Compare this with Dublin, where there is no compulsory helmet law, and a city of 1.7 million people attracts 47,000 subscribers. In the first twelve months the number of rides were 1.1 million with the average daily journeys being a staggering 5,000.
So why the difference. Admittedly, the cost of the Melbourne scheme is nearly four times the Dublin scheme, but despite this it remains competitive on cost to other forms of transport. As I’m sure you’re not surprised to hear, most analysts place the reason for the difference firmly at the feet of Victoria’s compulsory helmet laws.
“But we’re not facing a compulsory cycle helmet law” I hear you say. Well thank goodness no, but before we start relaxing, there is evidence that UK local authorities that undertook cycle helmet promotion saw a marked decrease in cycling. The table below gives a measure of the decline:
|Focused campaign held 1994 – 1996||Change in helmet wearing||Change in cycle counts|
|Yes (11 authorities)||+ 4.1%||– 2.8%|
|No (18 authorities)||+ 0.8%||+ 4.9%|
|p < 0.001, sample approx 20,500 cyclists|
Therefore the evidence is clear, increasing helmet promotion reduces cycling activity. And the cost benefit analysis is substantial, with the health benefit:cost ratio ranging from 13:1 to 415:1. Therefore any reduction in usage is likely to have a substantial cost increase for health.

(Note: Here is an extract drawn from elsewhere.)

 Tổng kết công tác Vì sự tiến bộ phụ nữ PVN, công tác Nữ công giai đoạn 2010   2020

Promoting cycle helmets gives people the impression that cycling is dangerous, but once again, the evidence doesn’t suggest that. Of all Traumatic Brain Injury (TBI) in the US from 1997 to 2007, cycling was a tiny proportion.

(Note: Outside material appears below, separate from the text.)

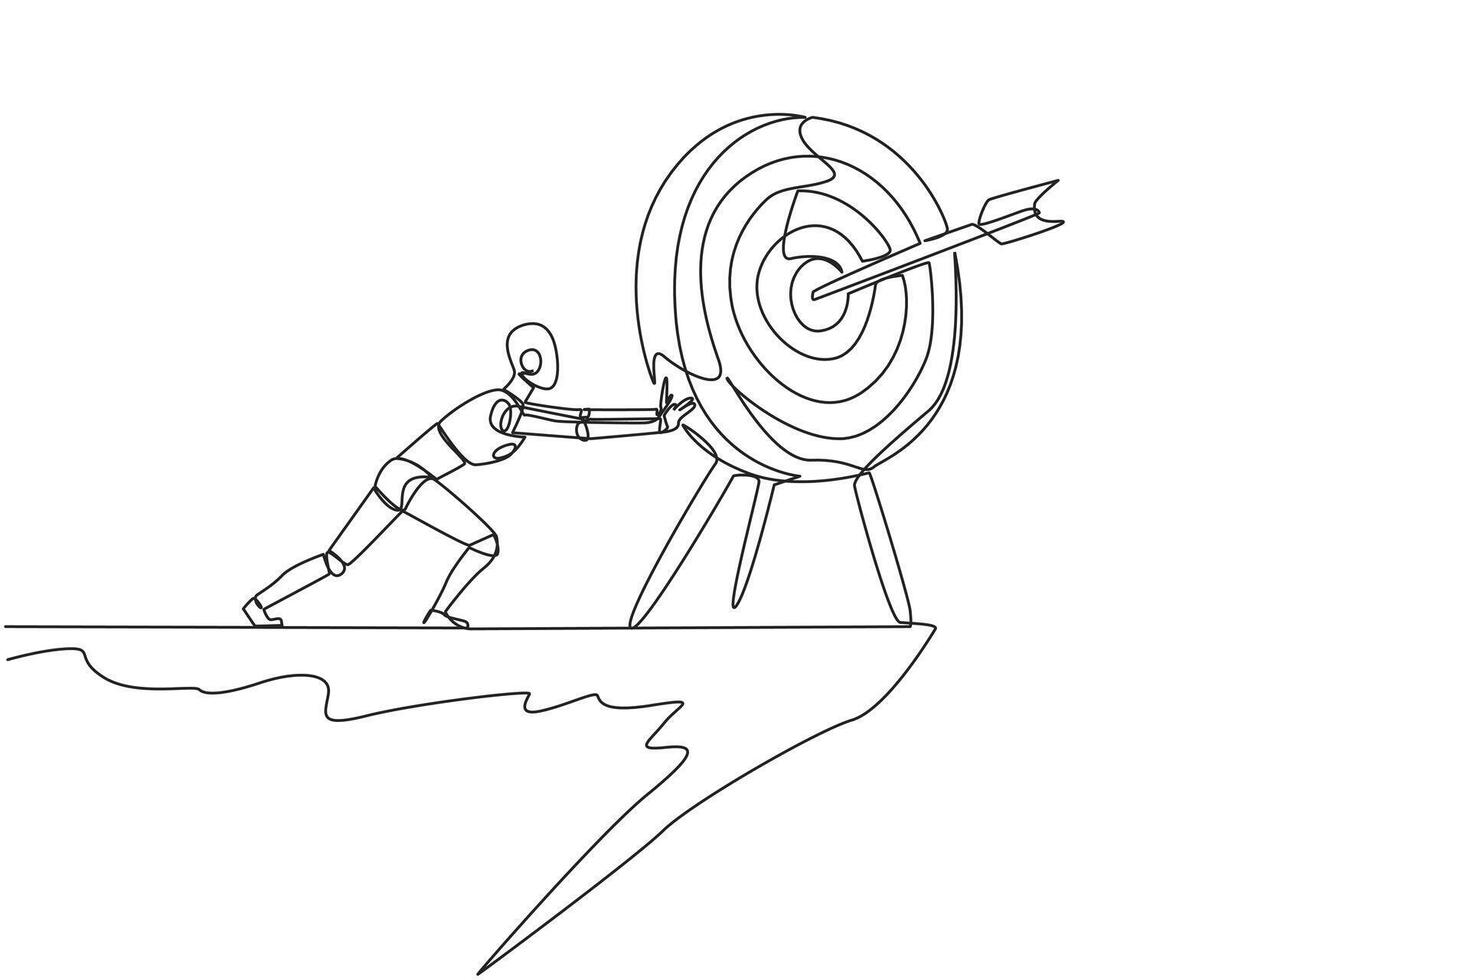 single een lijn tekening robot duwt de groot pijl bord doelwit van de rand van klif. doelloos. Nee focus. robot kunstmatig intelligentie. toekomst techniek. doorlopend lijn ontwerp grafisch illustratie vector

|Activity||Average TBI fatalities/year||% of total|
I know that it’s going to sound ridiculous, but are we honestly suggesting that people wear helmets in their cars or whilst walking?
A psychologist friend of mine suggested that, were I really interested in reducing the risk of cycling, I should buy a blonde wig, dress in female clothing and wobble as I cycle. This would have a far greater effect on motorist’s behaviour towards me than any helmet (which incidentally, tends to cause drivers to drive more recklessly around you than if you’re not wearing a helmet). The real risks are available in this interesting quiz.

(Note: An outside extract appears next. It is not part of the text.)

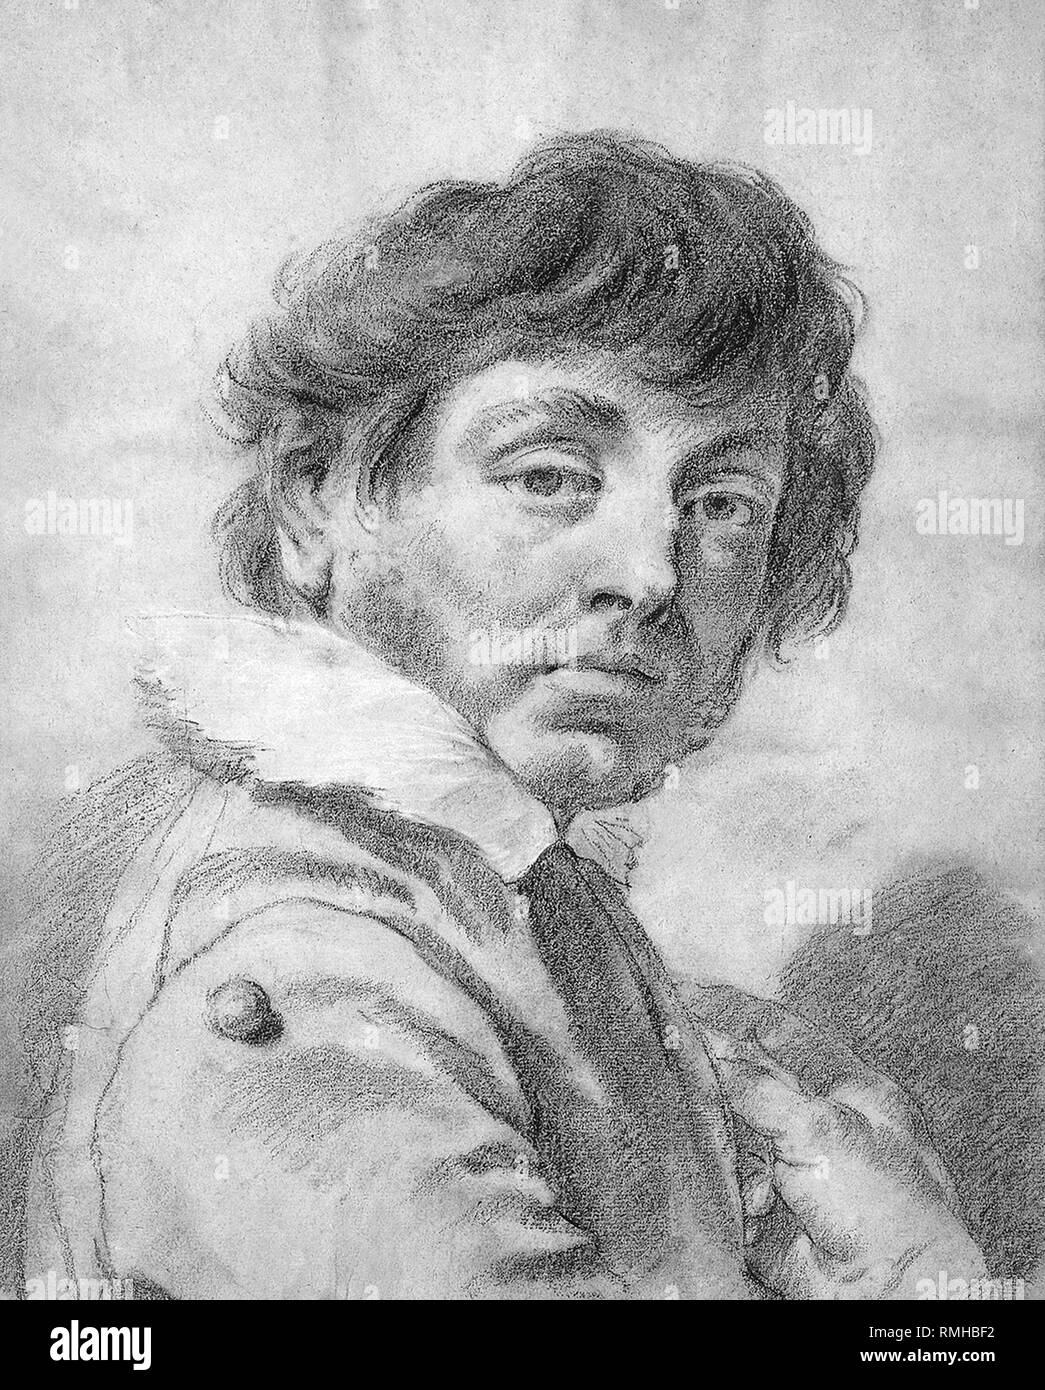 Giovanni Battista Piazzetta (Giambattista Piazzeta o Giambattista Valentino Piazzetta) (1683 - 1754), artista pintor rococó italiano Foto de stock

Just before I finish on this subject, I don’t normally lend much in the way of credence to the reporting of the Guernsey Evening Press, but I note that there was a report today claiming that young children forced to wear a helmet to the skate park would rather skate elsewhere. Do we think that children would be safer skating on the street? Obviously not, we simply need to learn that when children fall, they will hurt themselves, this is part of learning to live with risk and what risk we’re willing to undertake.
This is my biggest fear. I remember being told that were we to apply the health and safety norms of today to the invention of the car, it would never have been allowed. The idea that we regularly jump into a moving vehicle with such an appalling safety record and demand multiple locations that sell highly flammable liquid is simply incompatible with today’s orthodoxy.
We’ve reached the point of stifling innovation, talking of risk as though it were a bad thing without recognising the benefits. This is not a mindset that will serve us well. We do not need a future generation of risk averse health and safety executives. What we need are a number of wealth creators who recognise risk and learn to evaluate and understand it, not try to eliminate it.
I’ll finish with an anecdote from my past. I used to work in the information security department of a bank, the policemen of the IT systems if you like. Too frequently the talk was of removing risk, when the only effective means of removing risk was to switch the computers off. On one occasion I could see a manager contemplating it, not realising that he was contemplating shutting down the bank.
Are we on the brink of trying to remove risk to the same extent, not realising the wider consequences of our actions?